Plaintiff, Appellant

(Law Firm Sung, Attorney Kim Jung-soo, Counsel for the defendant-appellant)

Defendant, Appellee

Defendant

The judgment below

Patent Court Decision 2018Heo247 decided May 31, 2019

Text

The appeal is dismissed. The costs of appeal are assessed against the plaintiff.

Reasons

The grounds of appeal are examined.

1. Judgment on ground of appeal No. 1

The similarity of trademarks shall be determined by whether the external appearance, name, and concept of a trademark is likely to cause mistake or confusion as to the origin of goods by observing the overall, objective, and separation from the standpoint of ordinary consumers or traders. Even if there are different parts in the external appearance, name, and concept, if it is easy for ordinary consumers or traders to mislead or confuse as to the origin of goods because one is similar, it shall be deemed a similar trademark. However, even if one is similar, if a trademark as a whole can avoid mistake or confusion as to the origin clearly based on the direct perception that ordinary consumers or traders feel with respect to the trademark, it shall not be deemed similar (see Supreme Court Decision 2001Hu3415, Nov. 26, 2002, etc.).

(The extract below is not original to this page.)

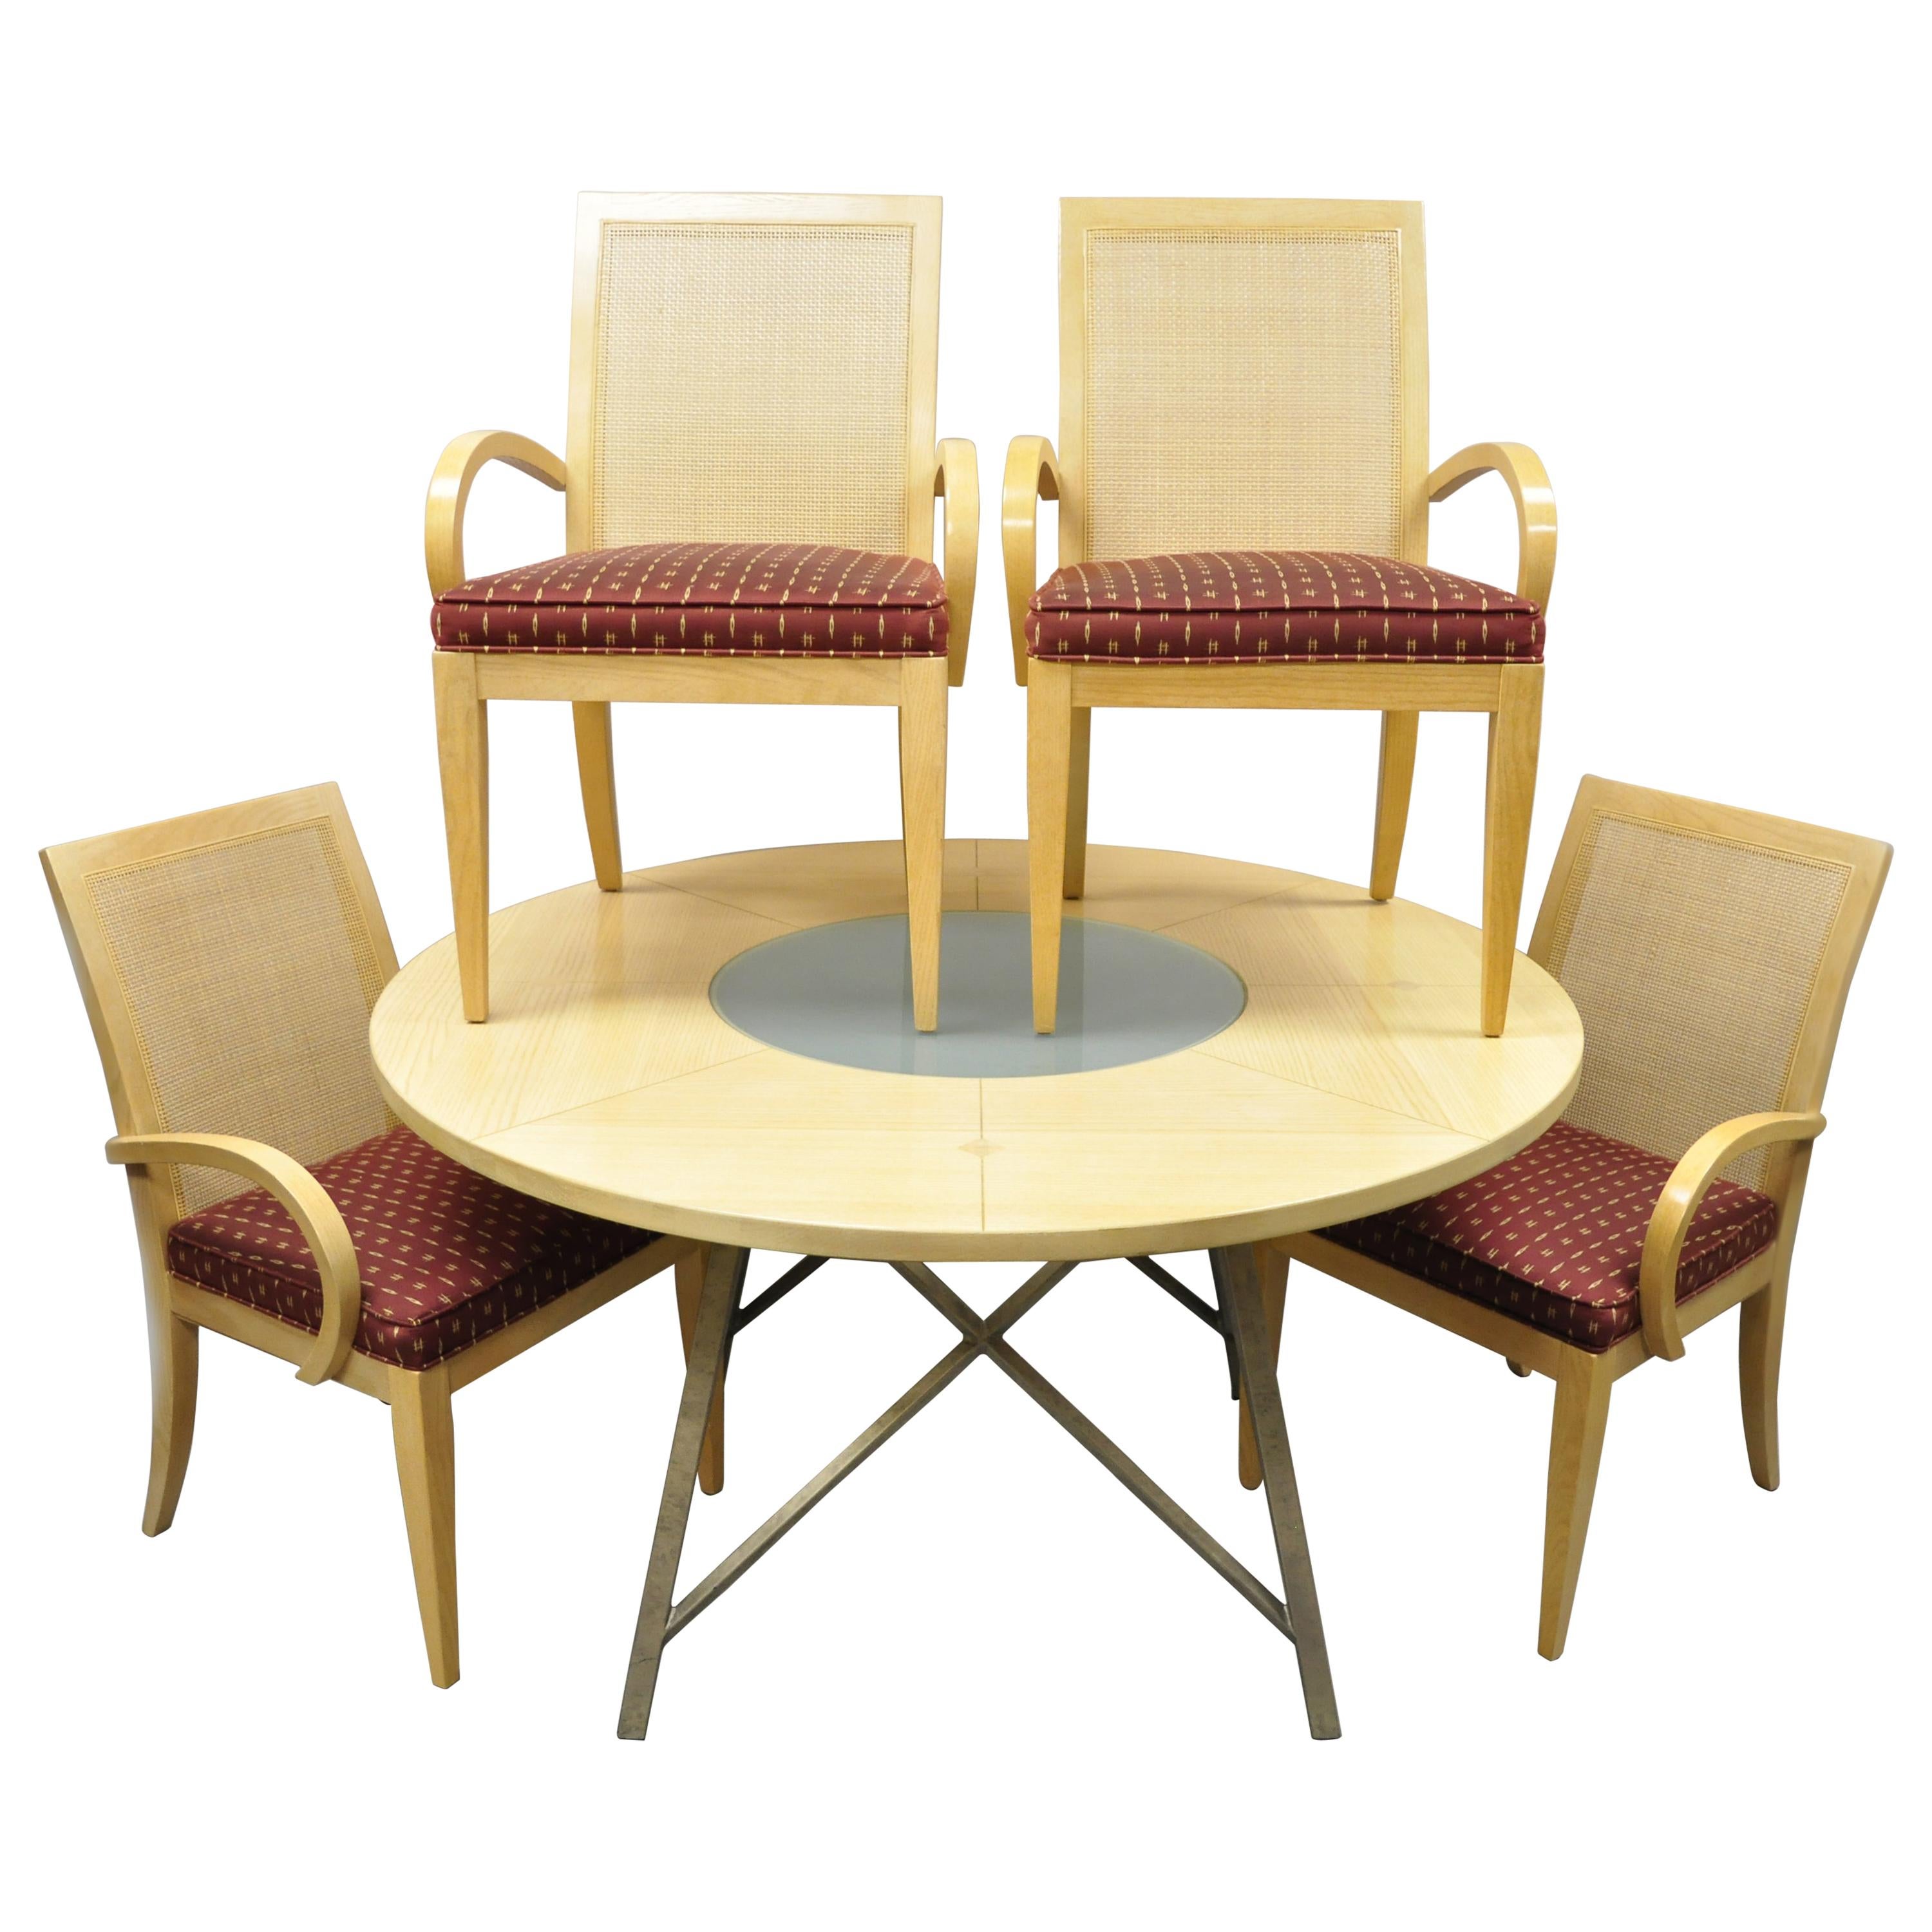 Drexel Heritage Studio - Ensemble de salle à manger moderne contemporain en bois blond - 4 chaises

Examining the above legal principles in light of the records, prior-registered service marks (registration number 1 omitted), composed of the instant registered trademark (registration number 1 omitted), designated goods: cosmetics, etc.) and “cosmetic retail business, etc.” (registration number 2 omitted), are identical and similar in terms of the meaning of “natural friendship”. However, the instant registered trademark is referred to as “Neman Flad,” and prior-registered service marks as “natural friendly,” and there are differences in the appearance in terms of name, and the existence of the figure portion and the difference between English and Korean. Considering the importance of the trademark’s appearance and name in the transaction of designated goods, even if the concept is similar, the two marks are clearly distinguishable from their appearance, and thus, even if similar goods and services are used together, it is difficult to see that general consumers or traders are clearly mistaken and confused about the origin of goods. Therefore, even if they are used, the instant registered service marks are similar to the instant registered trademark.

In the same purport, the lower court did not err by misapprehending the legal doctrine on determining similarity of trademarks, as otherwise in the grounds of appeal.

2. Judgment on ground of appeal No. 2

Whether a trademark is likely to cause mistake or confusion as to the source of goods should be determined on the basis of ordinary consumers or traders in Korea with common attention (see, e.g., Supreme Court Decisions 98Hu2627, Apr. 11, 200; 2006Hu954, Sept. 8, 2006).

Examining the reasoning of the lower judgment in light of the aforementioned legal doctrine and the record, the lower court did not err by misapprehending the legal doctrine on the subject of mistake and confusion in the source of goods.

3. Conclusion

Therefore, the appeal is dismissed, and the costs of appeal are assessed against the losing party. It is so decided as per Disposition by the assent of all participating Justices.